▶ _TASK DESCRIPTION_
Using the entries below, copy exactly each line from the line with "Saber cocinar - Papillotes" up to and including the line with "Ananasrenette; Winterapfel; Apfel;", with every picture left out.

▶ _DATA PROVIDED_

::::::::::

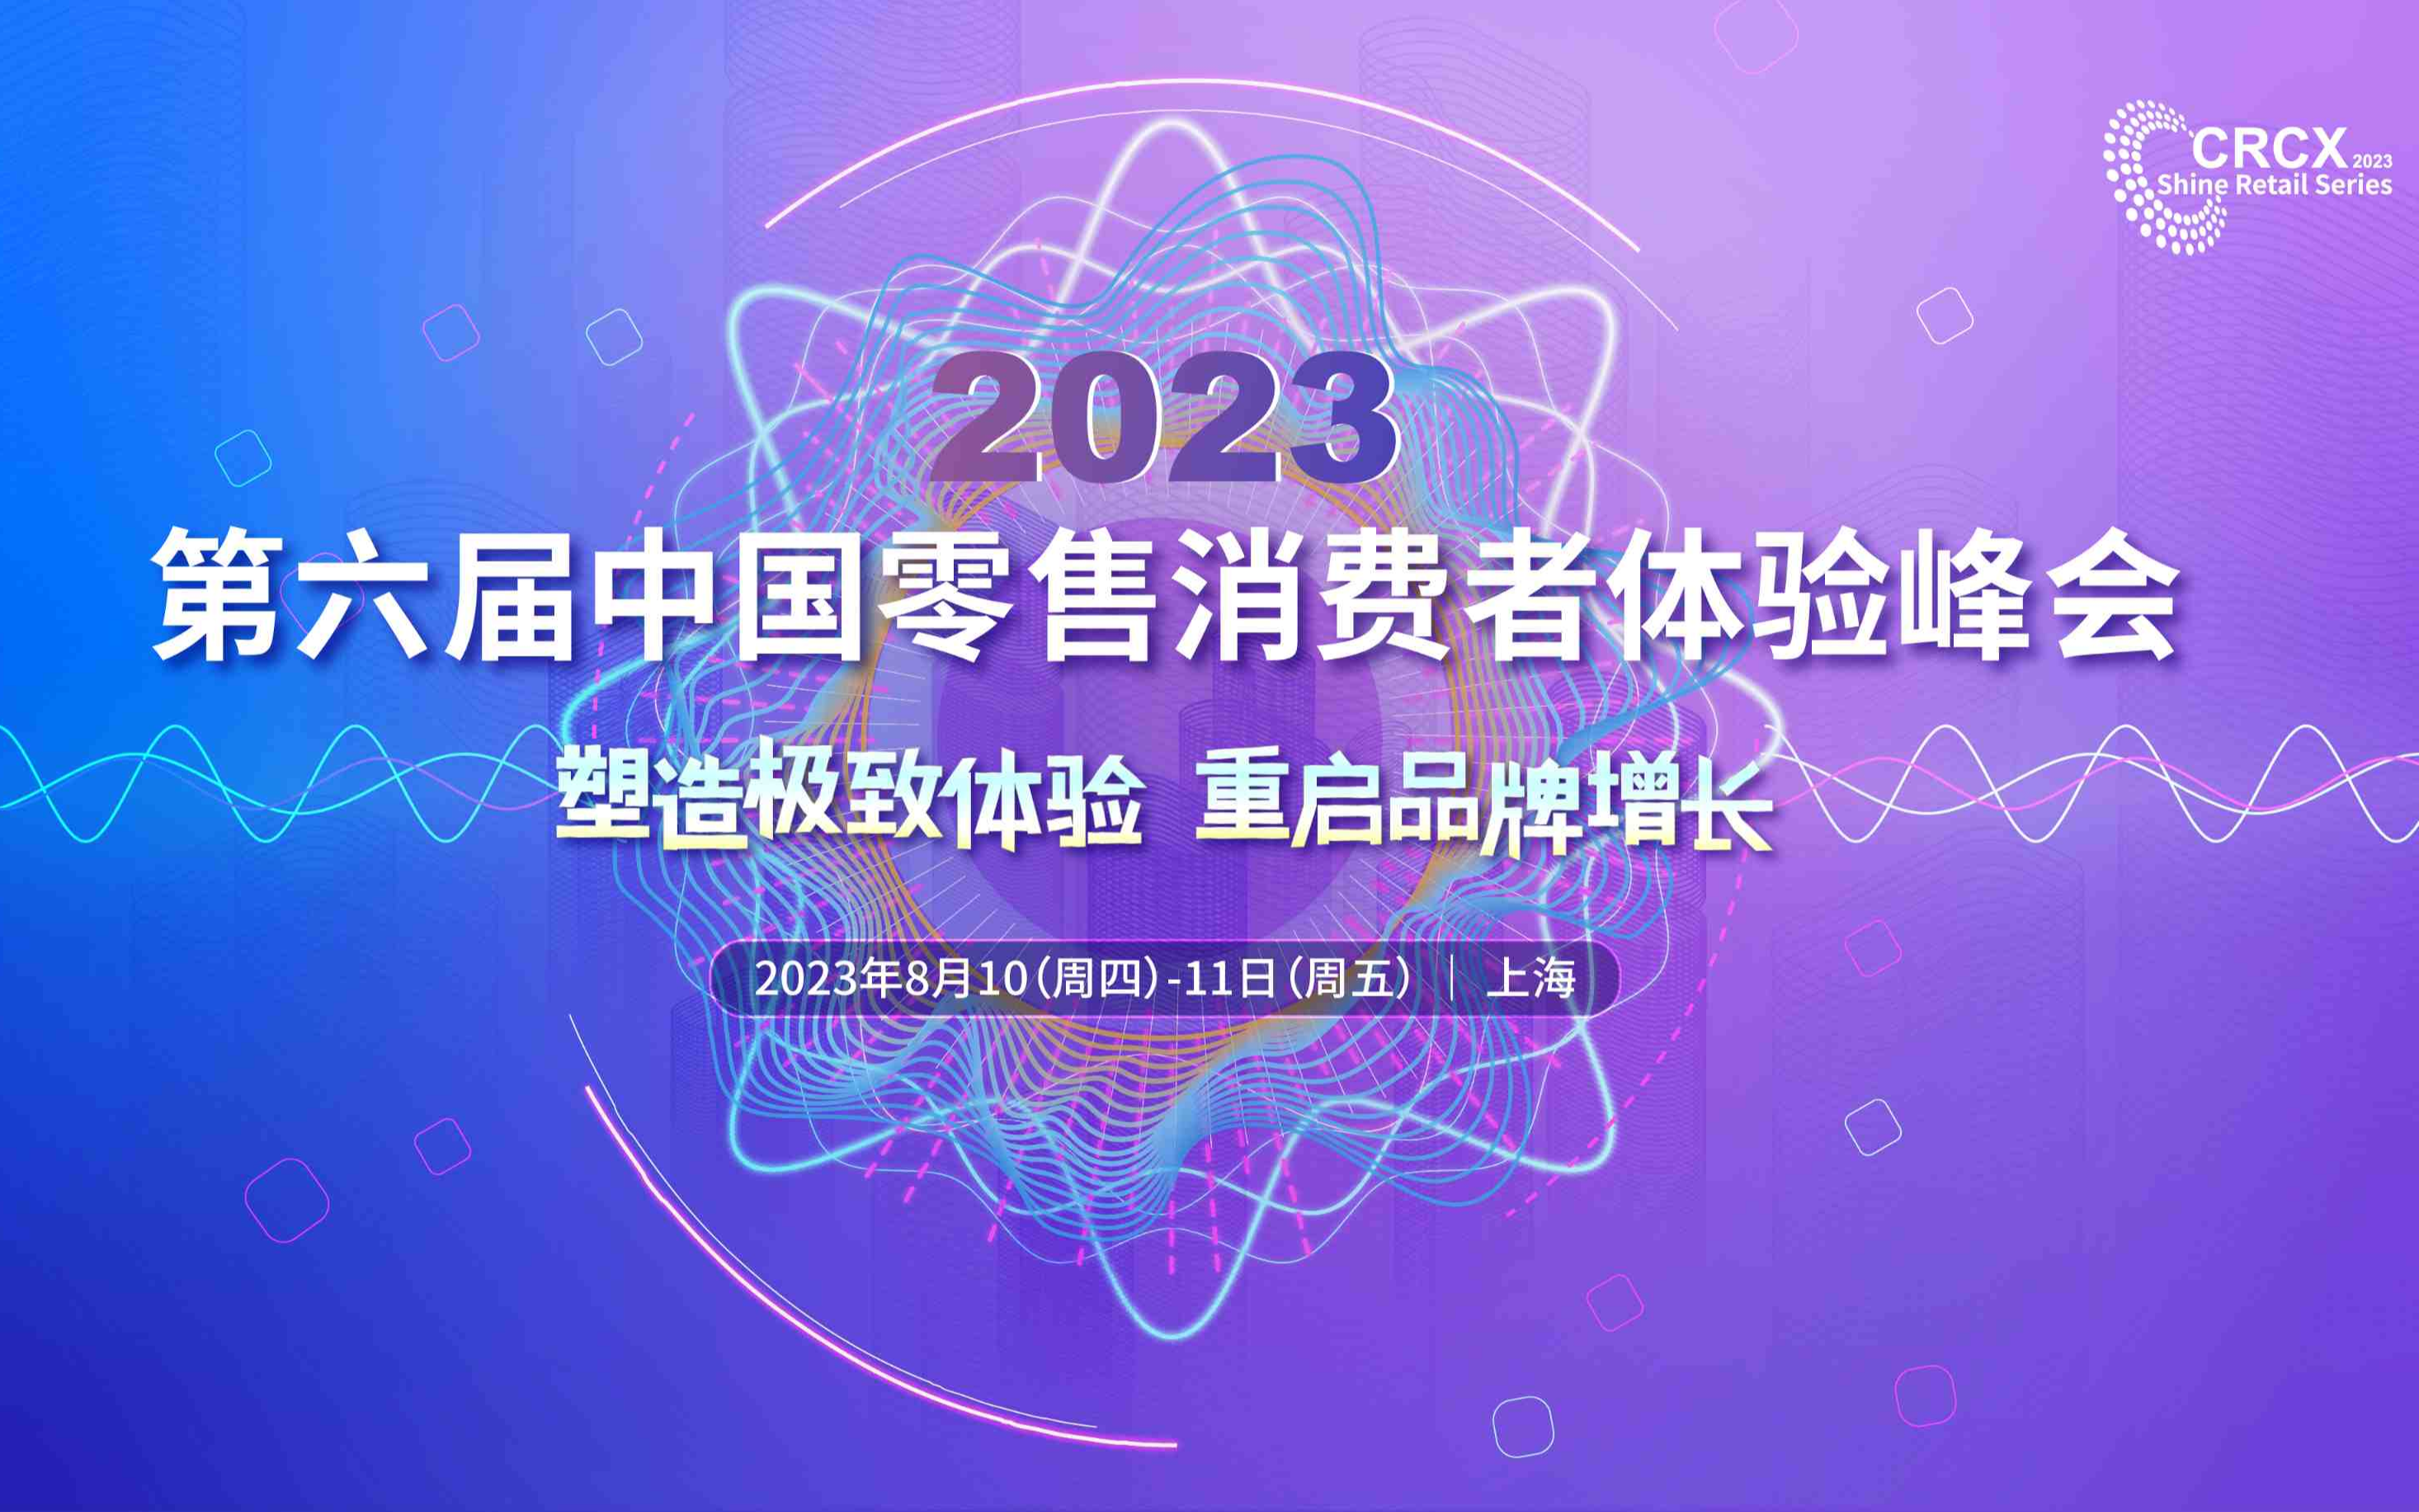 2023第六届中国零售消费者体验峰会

::::::::::

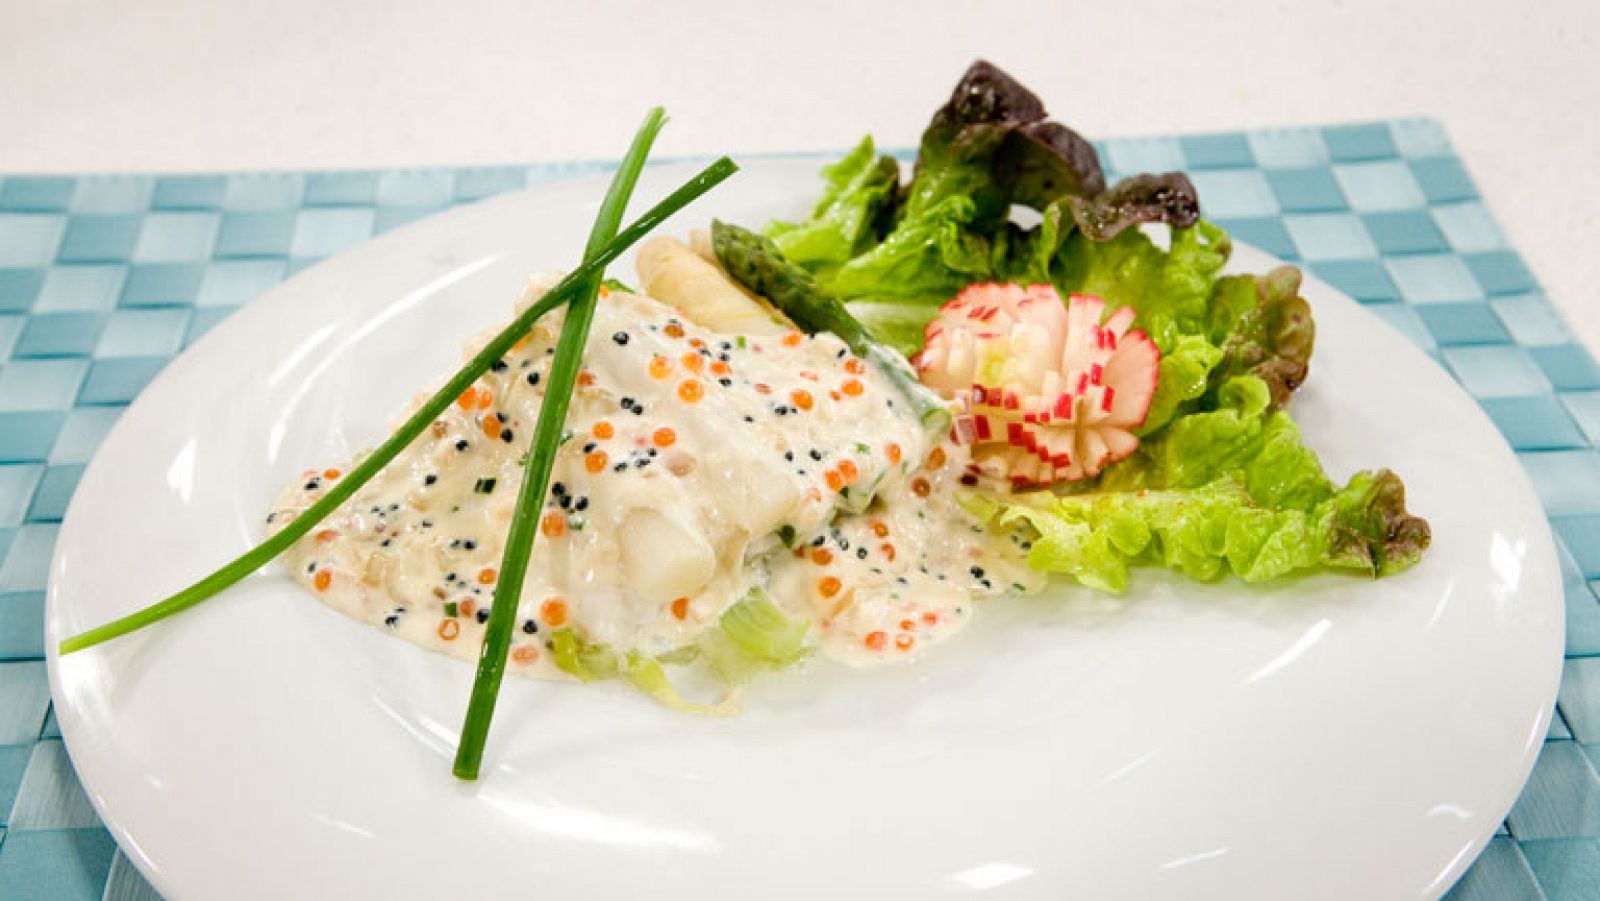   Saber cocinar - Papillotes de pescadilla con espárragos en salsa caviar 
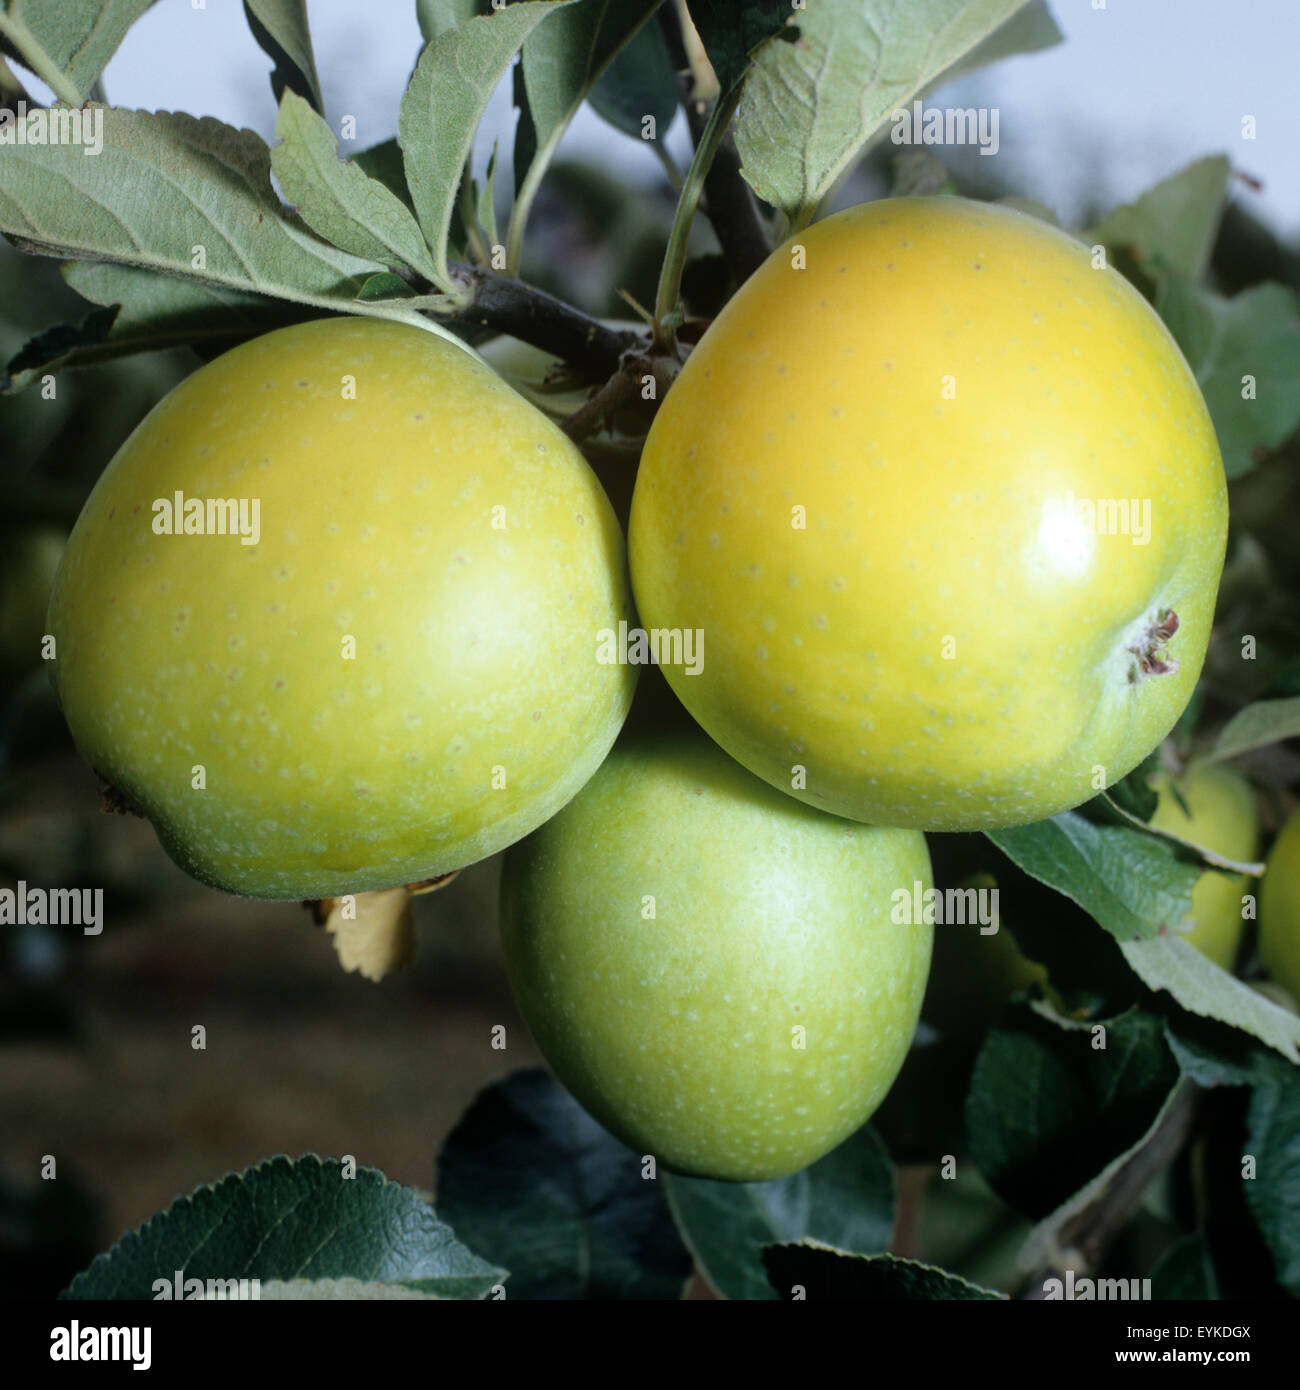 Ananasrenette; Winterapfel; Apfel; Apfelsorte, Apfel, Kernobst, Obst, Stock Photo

::::::::::

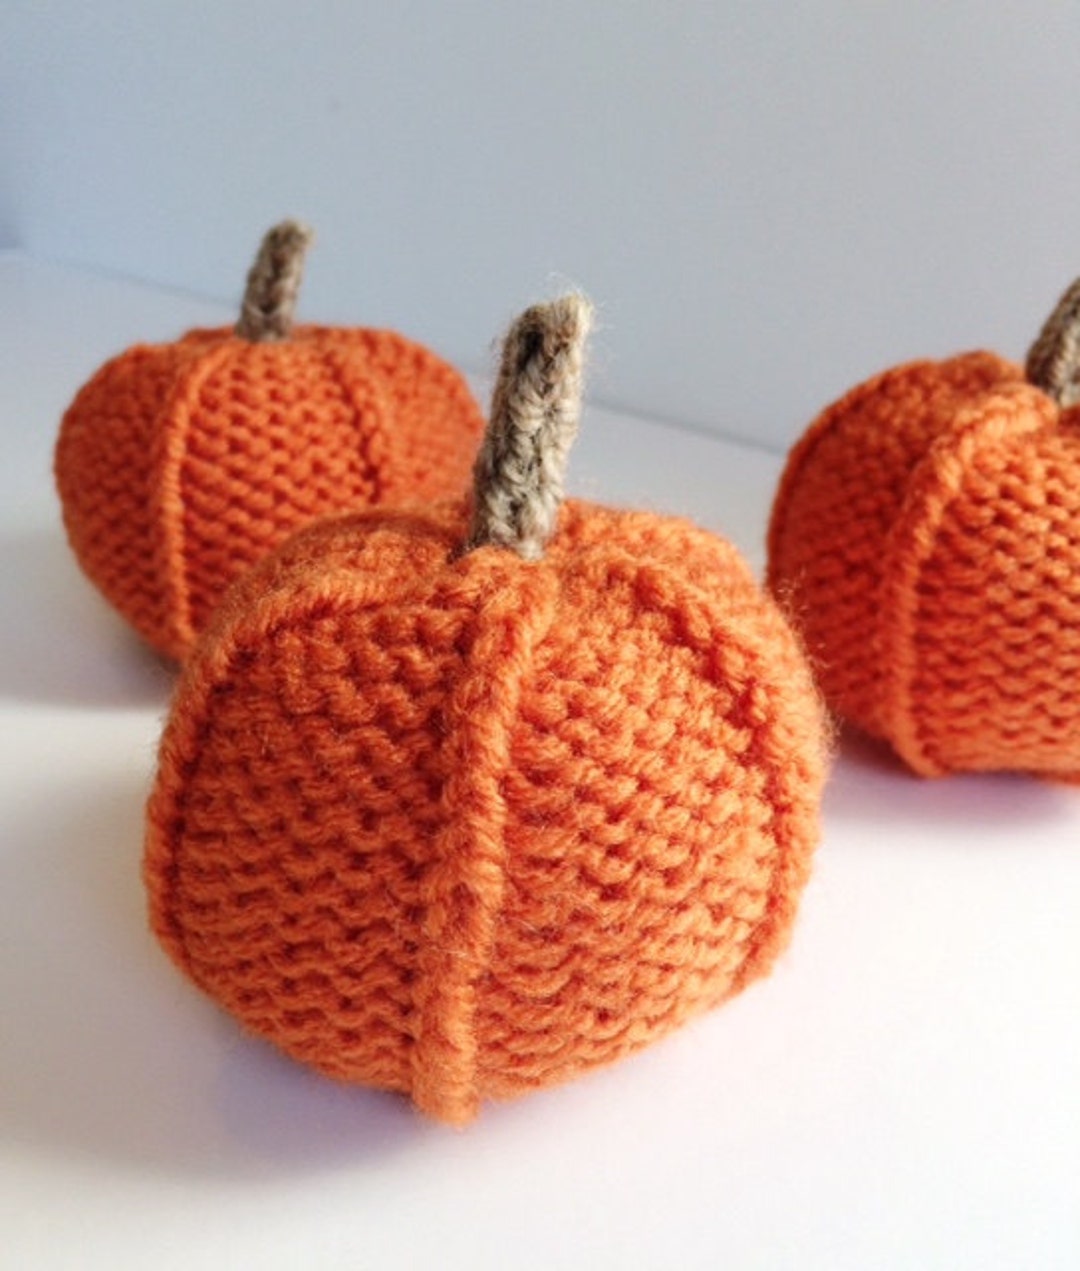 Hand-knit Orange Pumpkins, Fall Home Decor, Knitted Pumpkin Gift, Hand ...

::::::::::

▶ _RESULT OF THIS TASK_
   Saber cocinar - Papillotes de pescadilla con espárragos en salsa caviar 
 Ananasrenette; Winterapfel; Apfel; Apfelsorte, Apfel, Kernobst, Obst, Stock Photo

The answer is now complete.